24.3.09

eu sei que já disse

mas estou apaixonada pela cat power, colocando assim na mesa de jogo uma heterossexualidade que eu até julgava estar garantida. quero, no entanto, deixar o cuidado de não encararem estas minhas verdades como confissões. daqui a pouco já posso estar apaixonada por outra qualquer.

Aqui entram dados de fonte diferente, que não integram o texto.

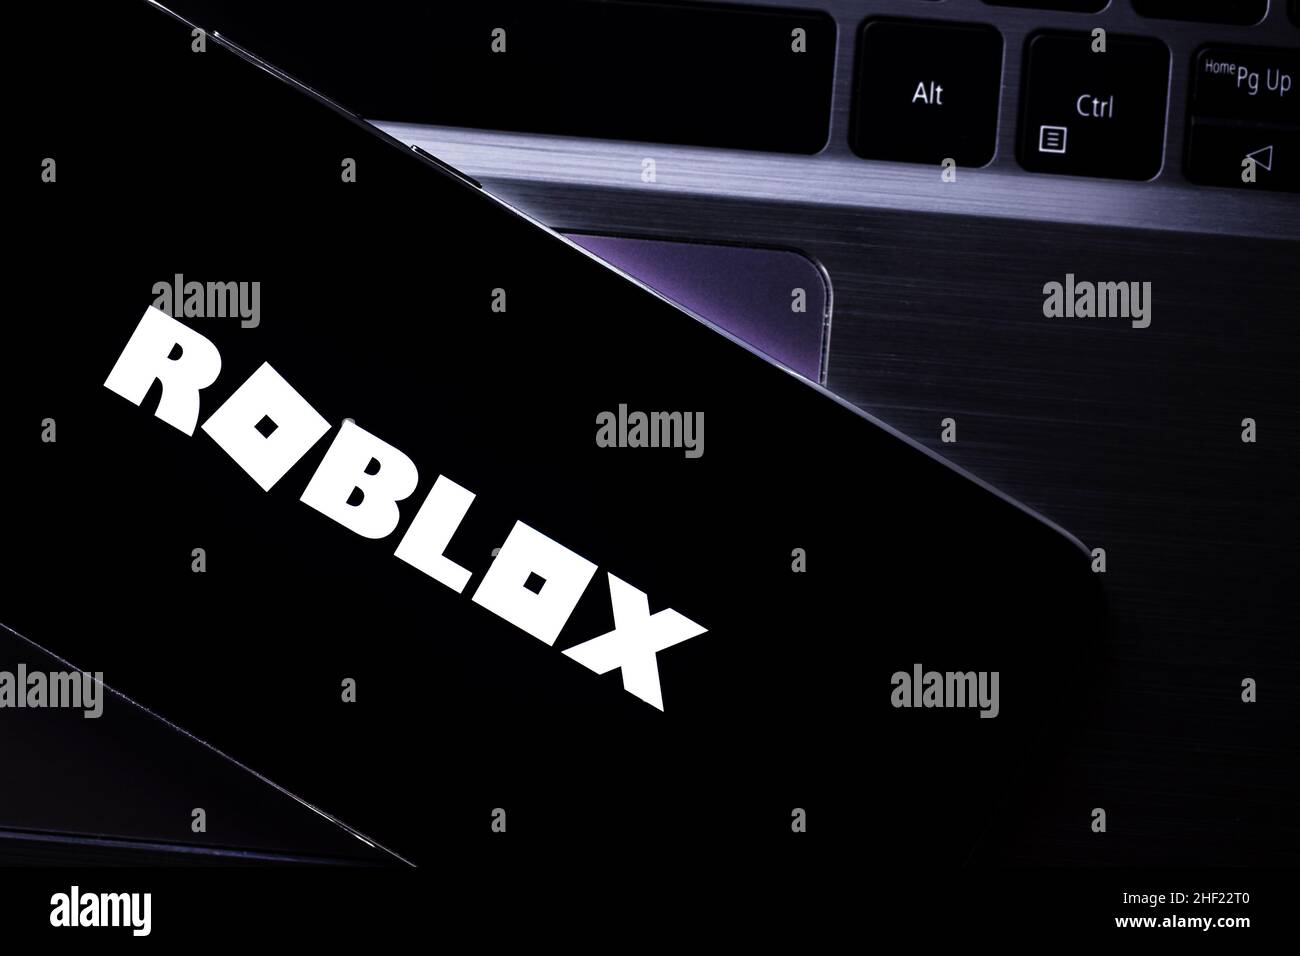 Roblox is an Online Game Platform and Game Creation System. it Allows Users  To Program Games and Play Games Created by Other Users Editorial Stock  Image - Image of background, cellphone: 214559929

se eu fosse lésbica, era uma lésbica quenga (e não uma quenga lésbica). ainda bem que não sou, a minha mãe não ía gostar nada.

Vertigem

Viajamos num balão de ar quente. A viagem já começou há tanto tempo e ainda estamos presos à vertigem de olhar para baixo, da proximidade das nuvens. Ainda rodamos à procura de novas perspectivas, mas quase não há alterações em qualquer dos ângulos. Viajamos no balão de ar quente juntos e quase não olhámos um para o outro. Quase não nos apercebemos de que estamos tão próximos e tão sozinhos. Viajamos com a cabeça pendurada para fora quando devíamos olharmo-nos nos olhos e sentir a viagem juntos. Quando começou a viagem? Não sei. Já perdi a referência de tempo e de espaço. O sol vai circulando, a lua também. A paisagem vai mudando. Rios, montanhas, mar, sereias, serras, vales, abismos, monstros, sonhos, campos, estradas que desprezamos por não precisarmos delas. Estamos no ar, a viajar num balão de ar quente e nem reparei se te comoveste quando subimos, voamos juntos e nem reparaste se estou com medo de cair. Quero olhar para ti mas a vertigem atrai-me. Não consigo desviar os olhos incrédulos da distância do chão, da imagem do meu corpo a esmagar-se violentamente contra o solo, do som do teu grito terrível, da sensação dos meus ossos a estilhaçarem-se como vidro. E a viagem continua.


17.3.09

a minha Danae*


Olhar olhar olhar olhar. Gastar e esgotar o acto na sua consumação ad nauseam. Decorar-lhe as linhas, aprender-lhe as cores, saber a obra de cor(ação). Depois escrever e falar sobre ela. Foda-se.
*era mais simples quando era só minha e não tinha que partilhá-la com ninguém.

6.3.09

A Ana Franco fotografa-me os sonhos.

Ciro e os lídios

Só quem for surdo não ouve o que dizem os animais, uma vez no cativeiro, dão evidentes sinais do conhecimento que têm da sua desgraça e deixam ver perfeitamente que se sentem mais mortos que vivos, continuando a viver mais para lamentarem a liberdade perdida do que por lhes agradar a servidão. (...)
Esse estratagema com que os tiranos embrutecem os súbditos está, mais do que em qualquer outro lado, explicitado no que Ciro fez aos lídios depois de se ter apoderado de Sardes. Fundou nela bordéis, tabernas e jogos públicos, mandando apregoar um decreto em que obrigava os habitantes a frequentá-los. Tão bons resultados teve esta guarnição que foi desnecessário daí em diante levantar a espada contra os lídios. Os desgraçados divertiram-se a inventar toda a casta de jogos.*

O ser humano não tem, na sua natureza, a liberdade.
E esta é uma das constatações mais tristes que fiz até hoje.